A Session in ByteEngine is like a conversation or context container between you (or your app) and your AI Worker. It stores all the relevant information, messages, and intermediate results — ensuring your AI agent understands context across multiple turns.
Think of Sessions as:
- A chat history for your AI worker
- A stateful memory that persists over multiple API calls
- A secure container for all FHIR or DICOM data referenced in the conversation
Real-World Example
Let's say you're building an AI-powered radiology assistant that:
- Fetches a patient's latest chest X-ray (from DICOM)
- Reads their clinical notes (from FHIR Observation)
- Generates a preliminary summary for a radiologist
You wouldn't want the AI to "forget" the patient's context between steps. Instead, you'd create a Session — which keeps the FHIR resources, conversation messages, and AI outputs together in one secure thread.
Creating a Session
You can create a session via the UI or API.
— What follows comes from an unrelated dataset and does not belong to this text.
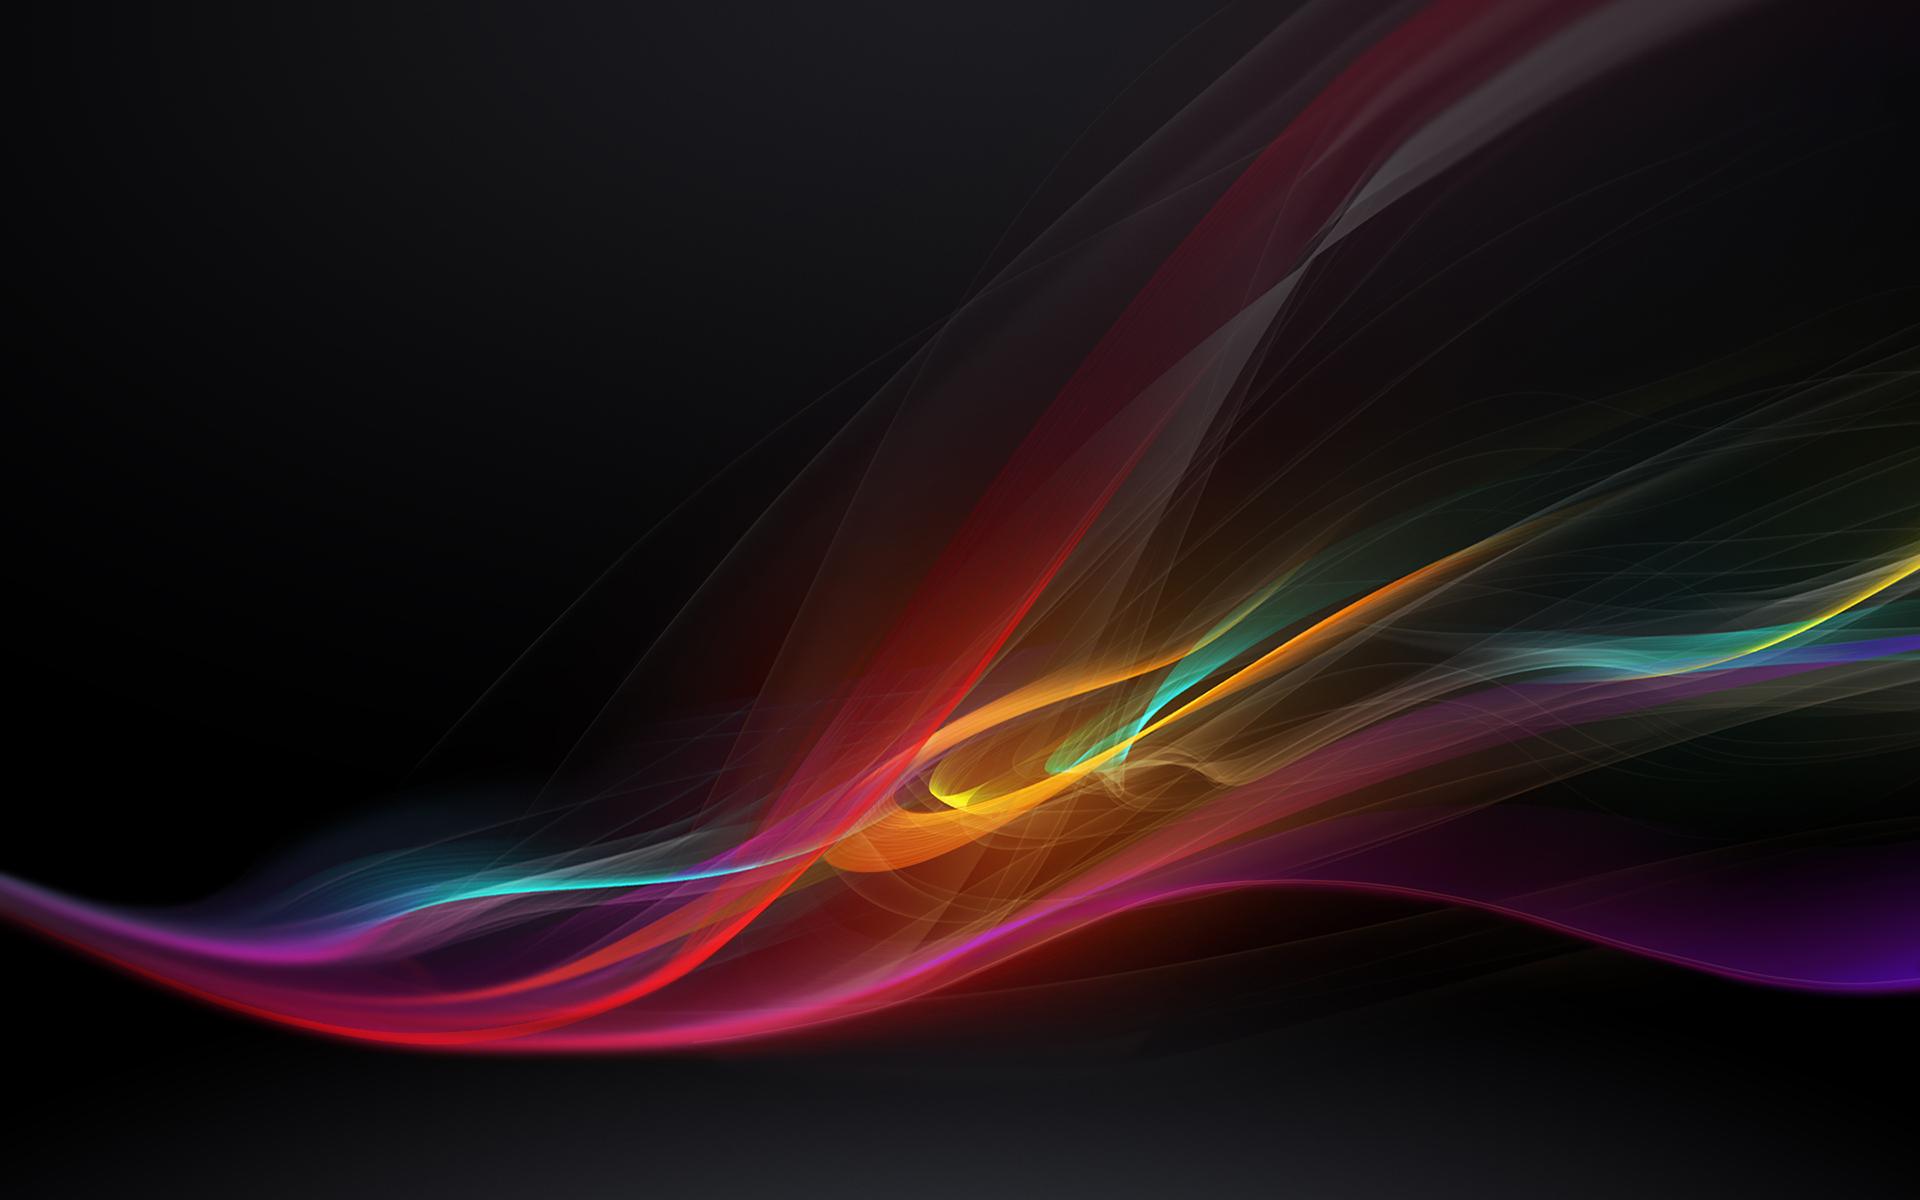 Sony Xperia Z Wallpaper HD   Wallpup.com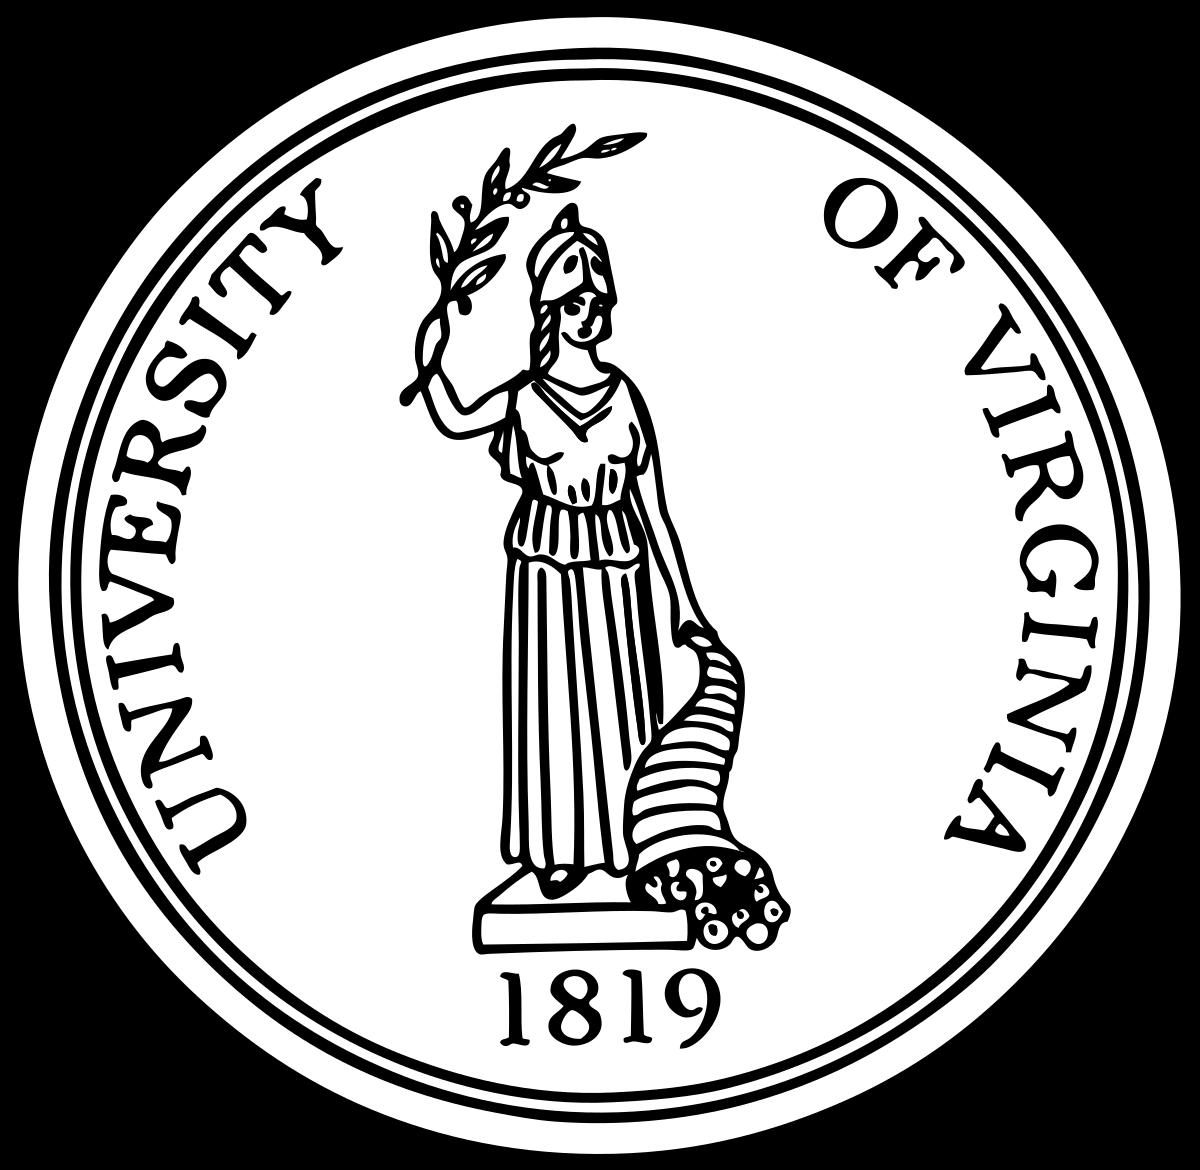 vector download Virginia vector drawing. University of wikipedia

Using the ByteEngine Console
- Go to AI Orchestration → Sessions
- Click "New Session"
- Select:
- Worker: e.g. radiology-assistant
- Context type: FHIR or Generic
- Optional: Add initial patient ID or reference
- Once created, the session appears in your dashboard, and you can start adding messages or tasks
Using the REST API
curl -X POST https://api.engine.boolbyte.com/api/sessions \
-H "Authorization: Bearer <ACCESS_TOKEN>" \
-H "Content-Type: application/json" \
-d '{
"workerId": "radiology-assistant",
"metadata": {
"name": "radiology-session-001",
"context": {
"type": "FHIR",
"patient": "Patient/123"
}
}
}'
Response:
{
"success": true,
"data": {
"id": "sess_67890",
"workerId": "radiology-assistant",
"metadata": {
"name": "radiology-session-001",
"context": {
"type": "FHIR",
"patient": "Patient/123"
}
},
"messages": [],
"createdAt": "2024-01-15T12:00:00.000Z",
"updatedAt": "2024-01-15T12:00:00.000Z"
}
}
Using JavaScript SDK
import { EngineClient } from '@boolbyte/engine';
const client = new EngineClient({ apiKey: 'YOUR_API_KEY' });
// Create a session
const session = await client.session.createSession({
workerId: 'radiology-assistant',
metadata: {
name: 'radiology-session-001',
context: {
type: 'FHIR',
patient: 'Patient/123'
}
}
});
console.log('Session created:', session.data.id);
This session can now receive messages, tasks, and tool invocations.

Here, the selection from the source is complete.